As demand for seniors housing improves, more income can also help properties support higher interest rates — wherever they eventually settle.
“Rent growth solves most operating and value-related problems,” says Lincoln.
Operating margins improve
The combination of stronger occupancies, rent growth and a moderating level of inflation is helping boost the profit margins of seniors housing properties.
“As recently as 12 months ago, the industry was asking if we would ever see profit margins or operating margins back to where they were pre-COVID,” says Bowyer.
Before the pandemic, many seniors housing properties earned profit margins as high as 40 to 45 percent, says Bowyer. During financial recovery from the pandemic, few senior living properties earned profit margins of more than 30 percent.
More recently, profit margins have begun to recover as occupancy rates have improved for most properties.
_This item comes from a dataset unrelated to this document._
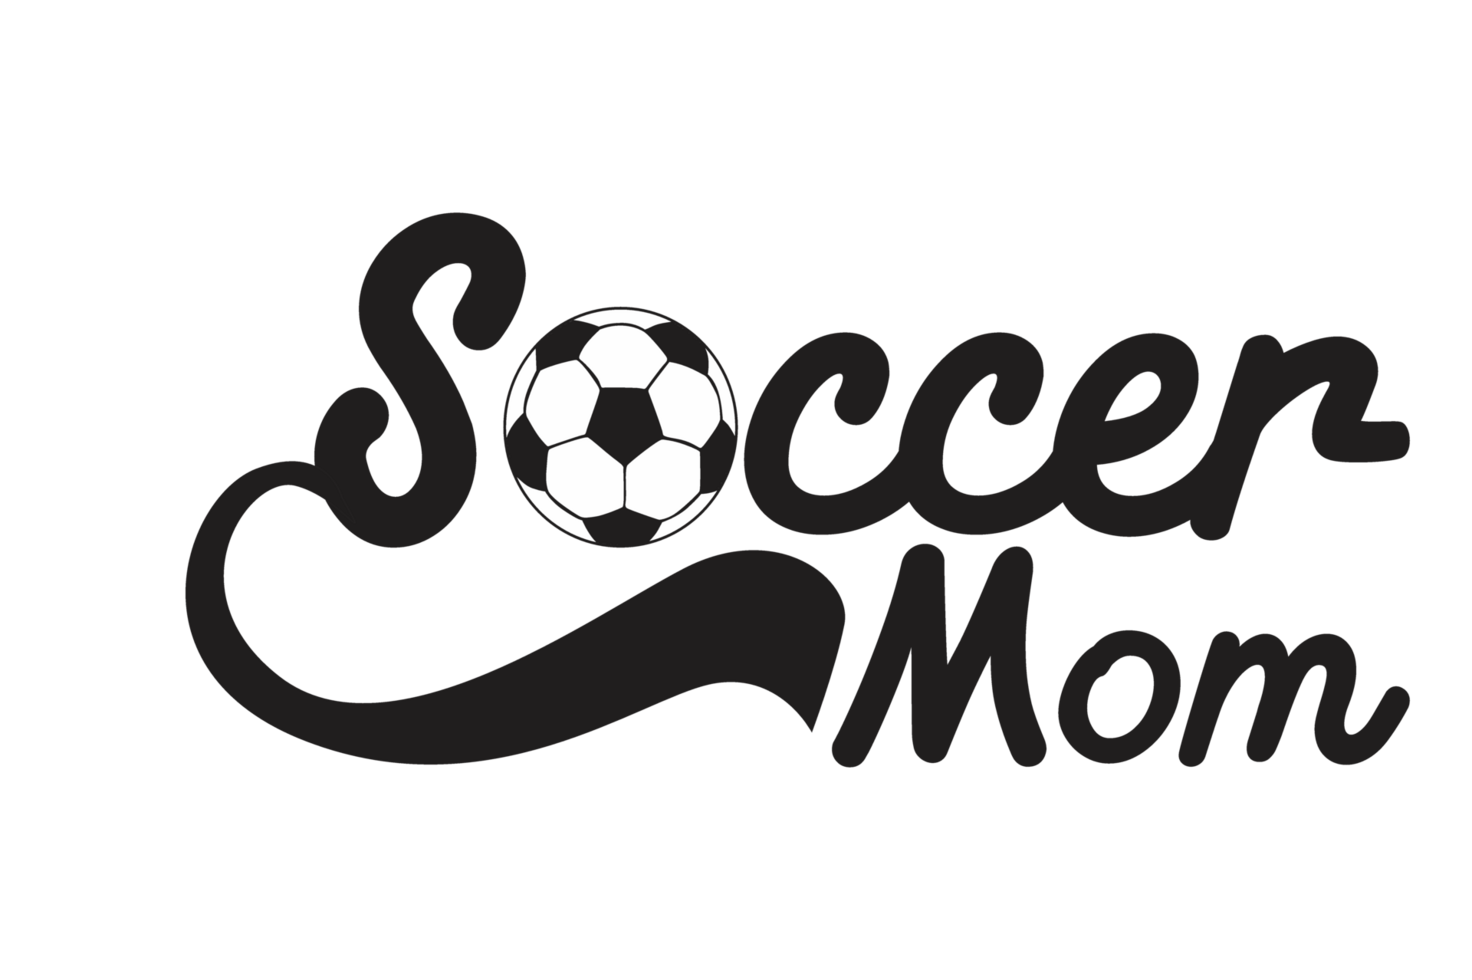 Soccer Design with Transparent Background png

Many owners are also combatting an increase in operating costs. During the pandemic, understaffed seniors housing companies often relied on costly agency staffing to assist them through the crisis. That problem has now abated.
“The majority of operators that we’re doing evaluations for are moving away from that increased cost of agency labor very quickly,” says Bowyer.
That’s helping these properties operate more profitably.
“We are actually already starting to see those 45 percent profit margins again,” he says. “It’s hard to find any red flags on the property market fundamentals side as we move forward. You’re going to continue to see increasing operating margins, increasing occupancy, increasing rent growth.”